[Instructions for the task]: The reply should match the listing below character for character, except that no image is carried over.

[Dataset excerpt]:
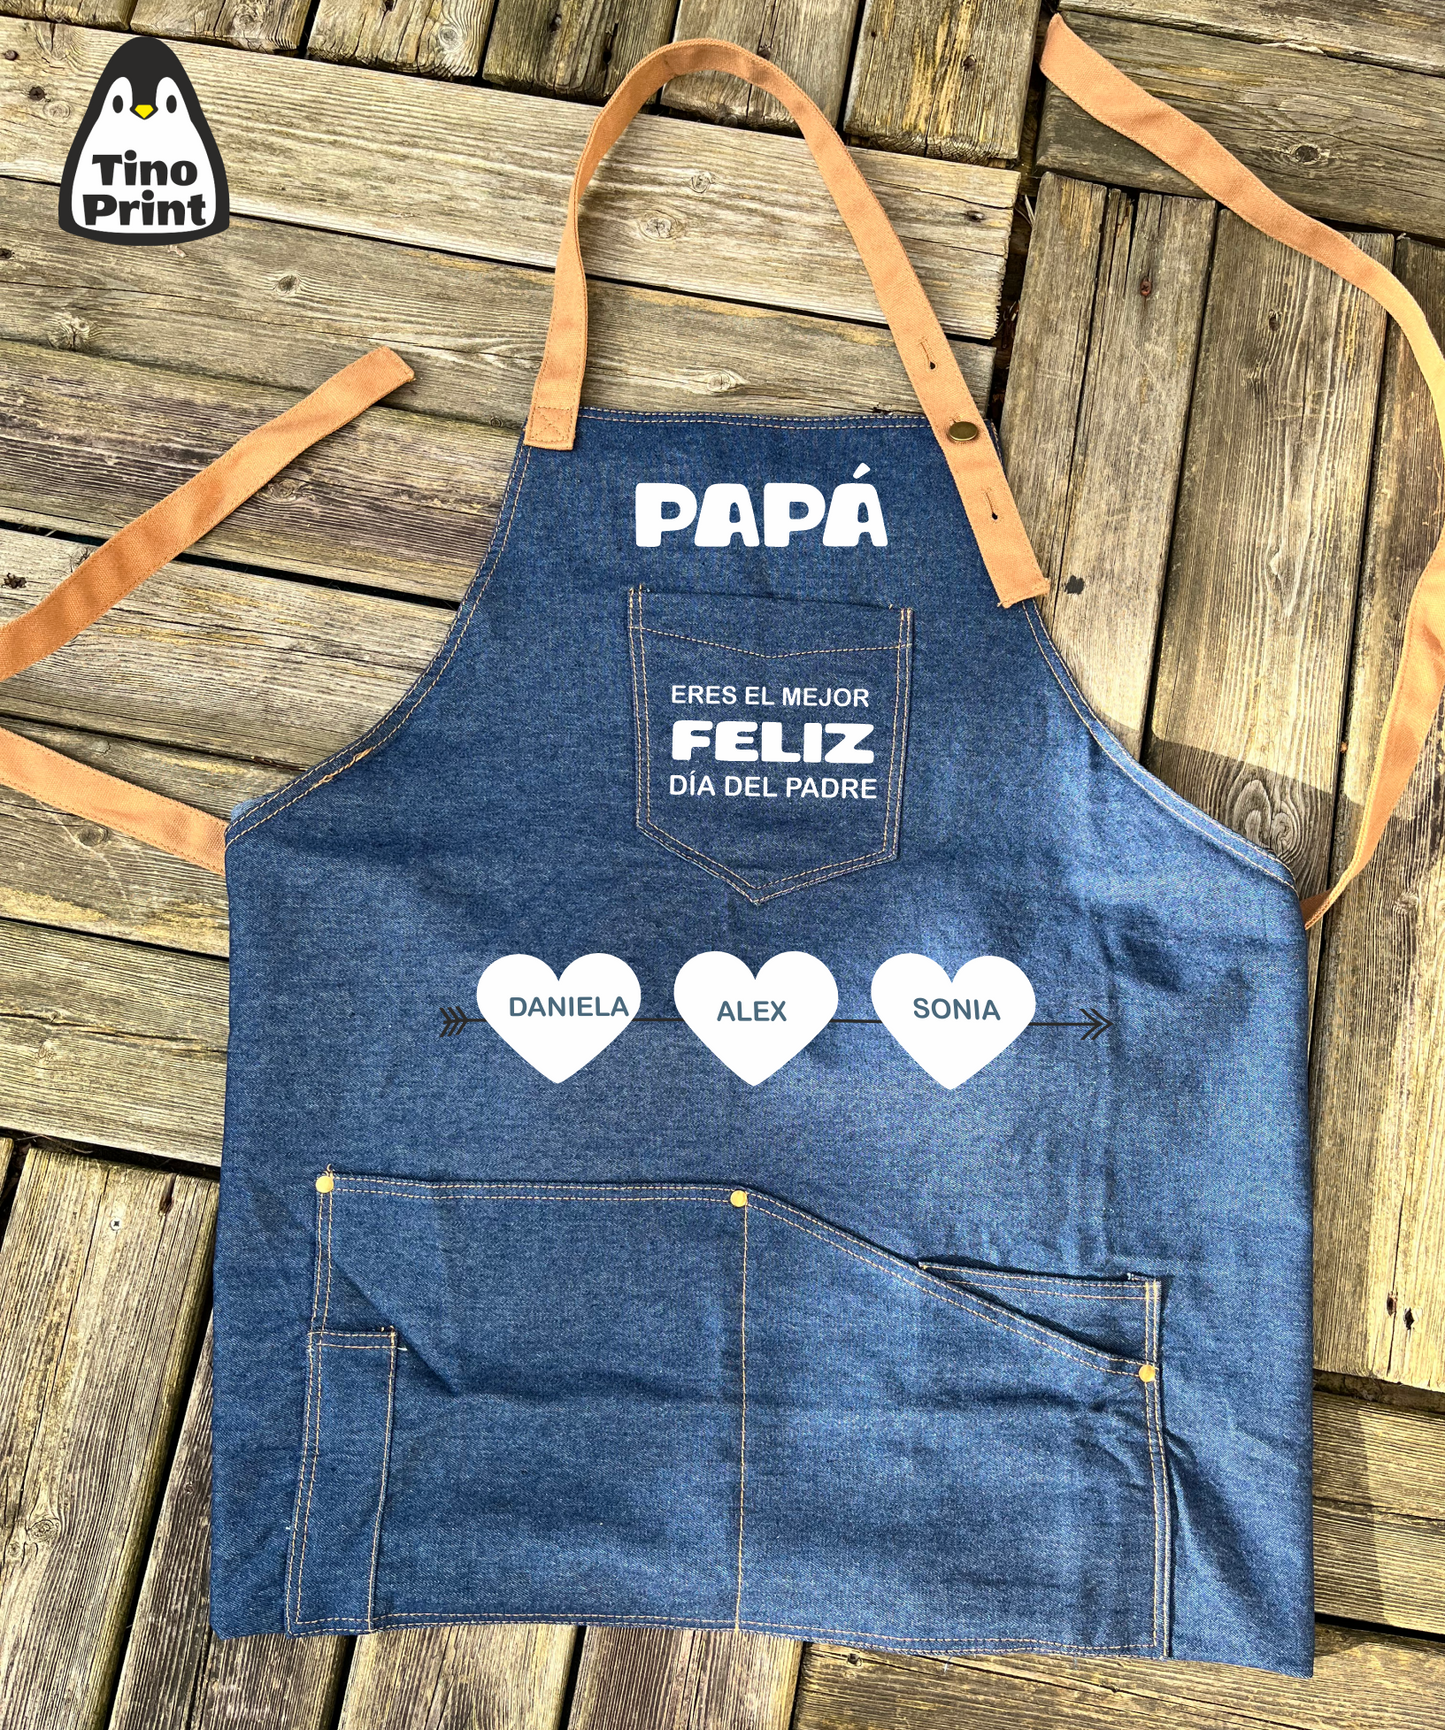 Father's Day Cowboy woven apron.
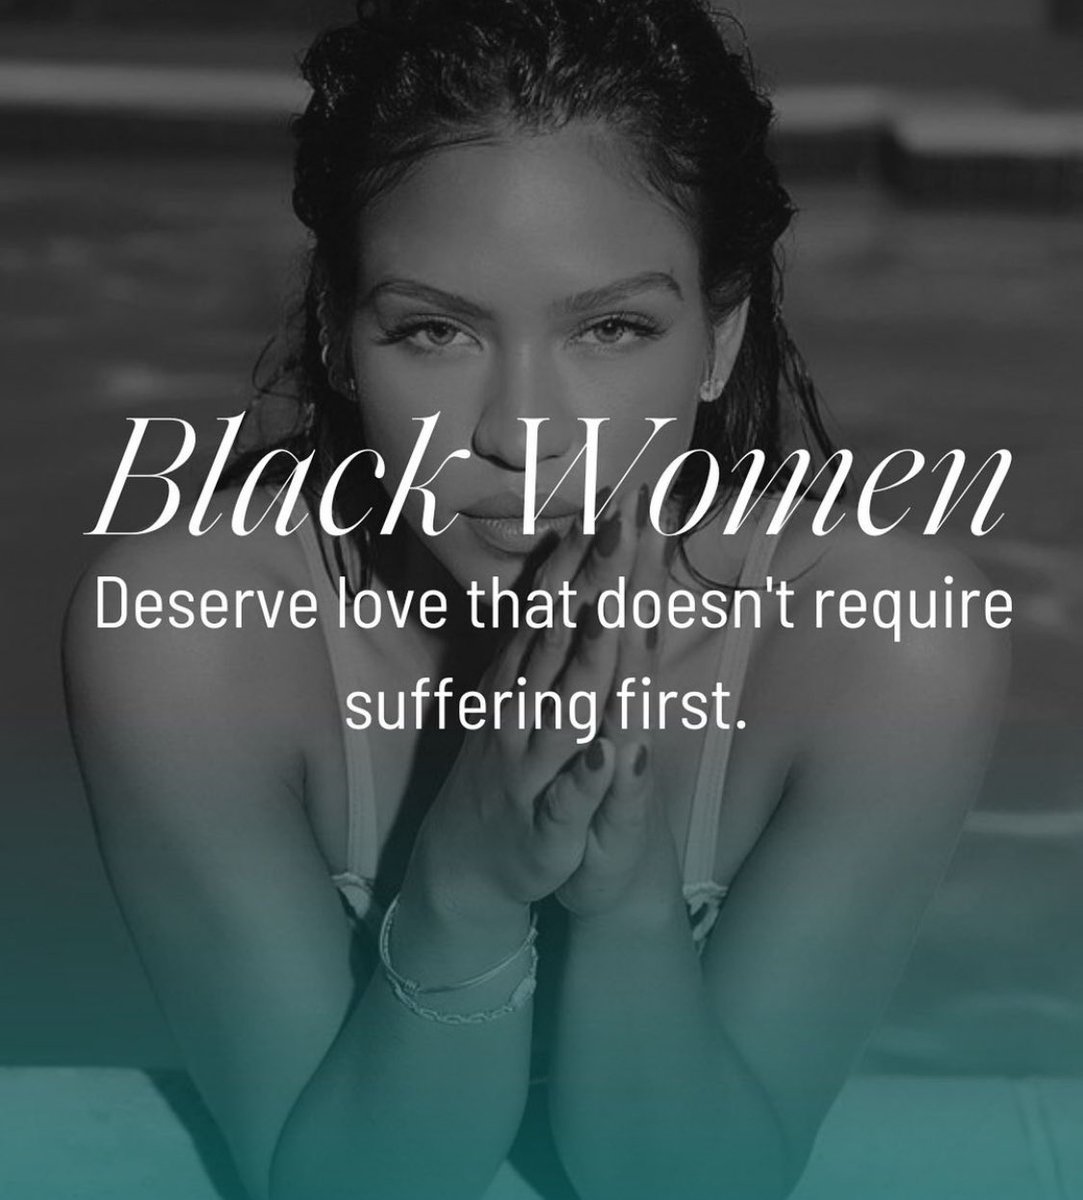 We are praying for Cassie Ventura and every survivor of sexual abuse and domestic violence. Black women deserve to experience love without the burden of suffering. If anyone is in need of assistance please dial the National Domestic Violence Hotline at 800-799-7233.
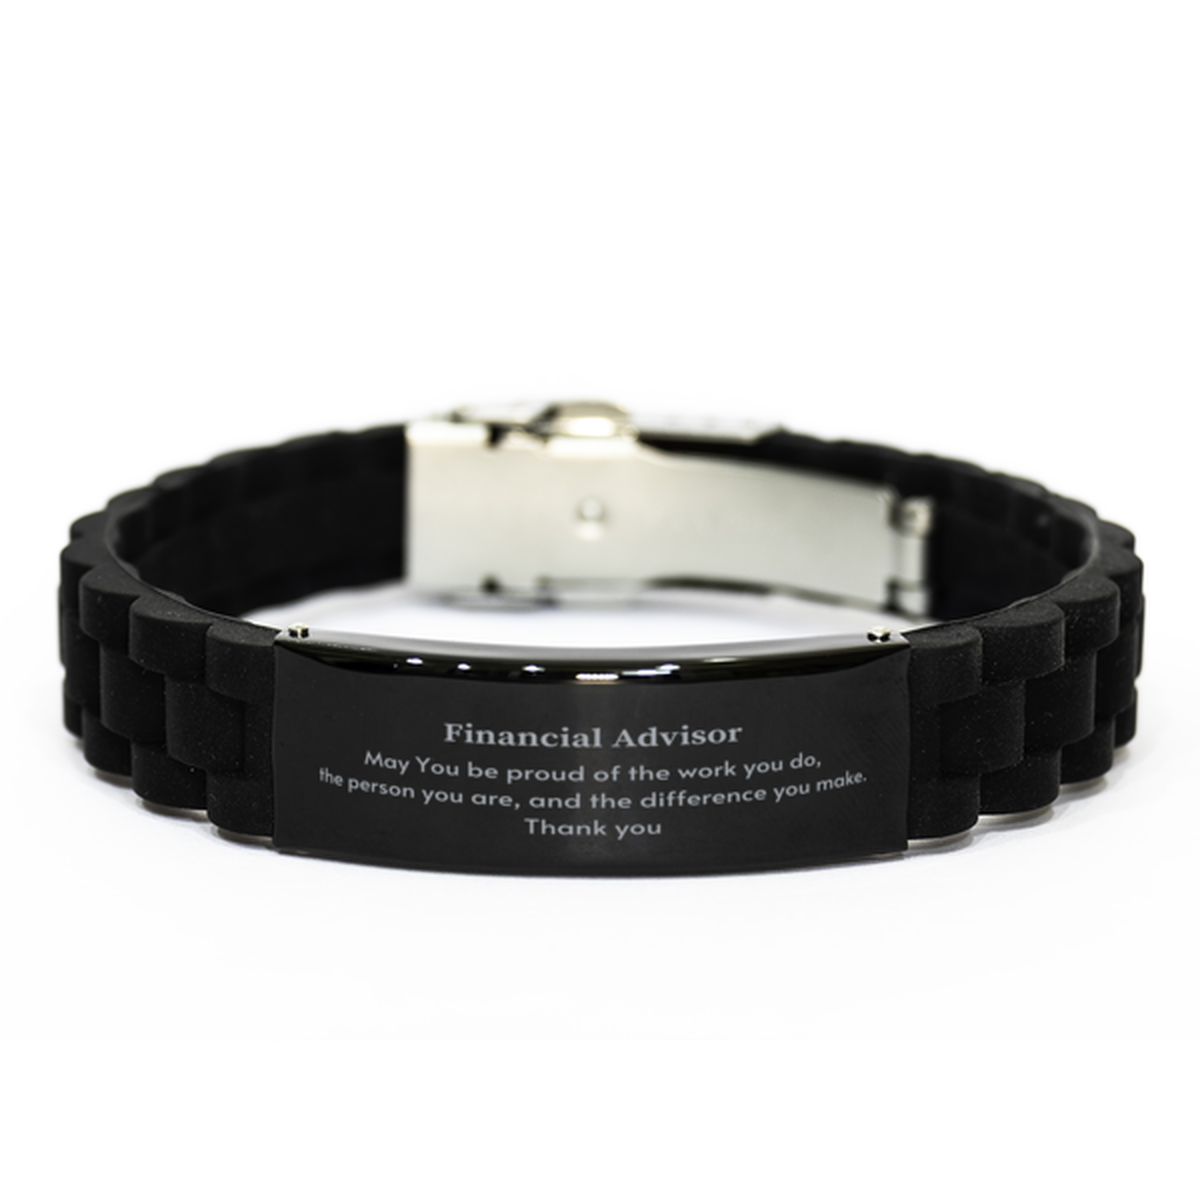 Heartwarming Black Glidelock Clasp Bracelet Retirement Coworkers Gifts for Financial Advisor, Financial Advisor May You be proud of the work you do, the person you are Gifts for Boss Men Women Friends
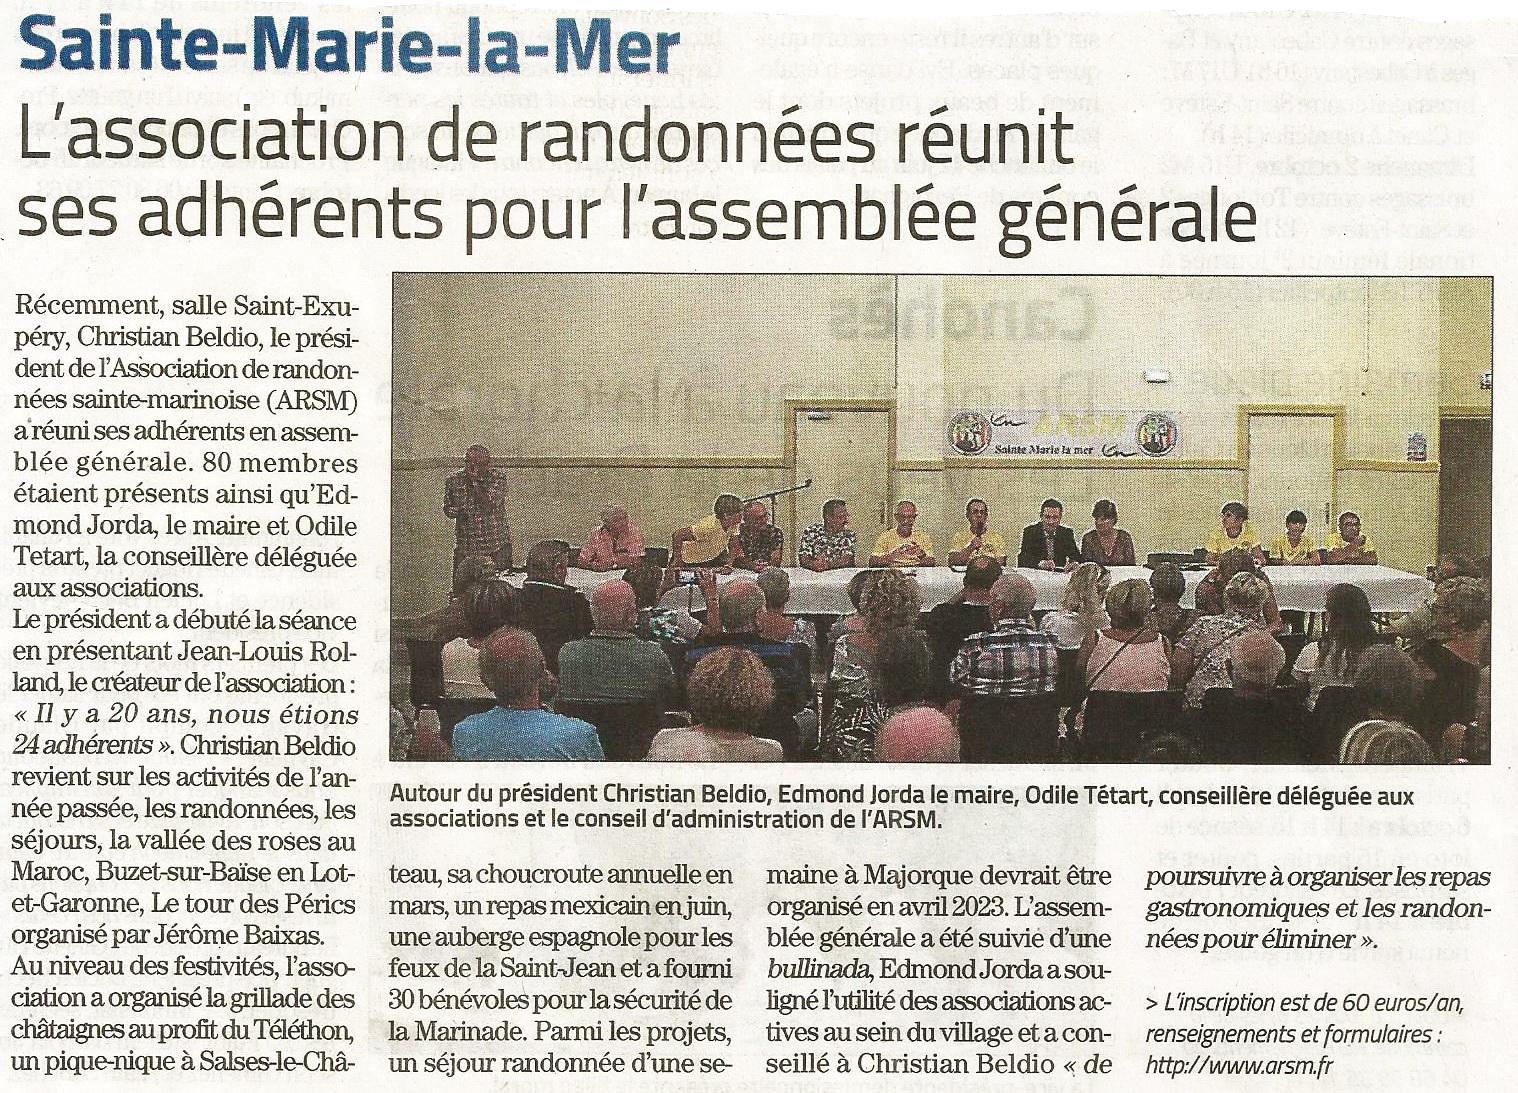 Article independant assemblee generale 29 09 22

[Response to this task]:
 Father's Day Cowboy woven apron.
 We are praying for Cassie Ventura and every survivor of sexual abuse and domestic violence. Black women deserve to experience love without the burden of suffering. If anyone is in need of assistance please dial the National Domestic Violence Hotline at 800-799-7233.
 Heartwarming Black Glidelock Clasp Bracelet Retirement Coworkers Gifts for Financial Advisor, Financial Advisor May You be proud of the work you do, the person you are Gifts for Boss Men Women Friends
 Article independant assemblee generale 29 09 22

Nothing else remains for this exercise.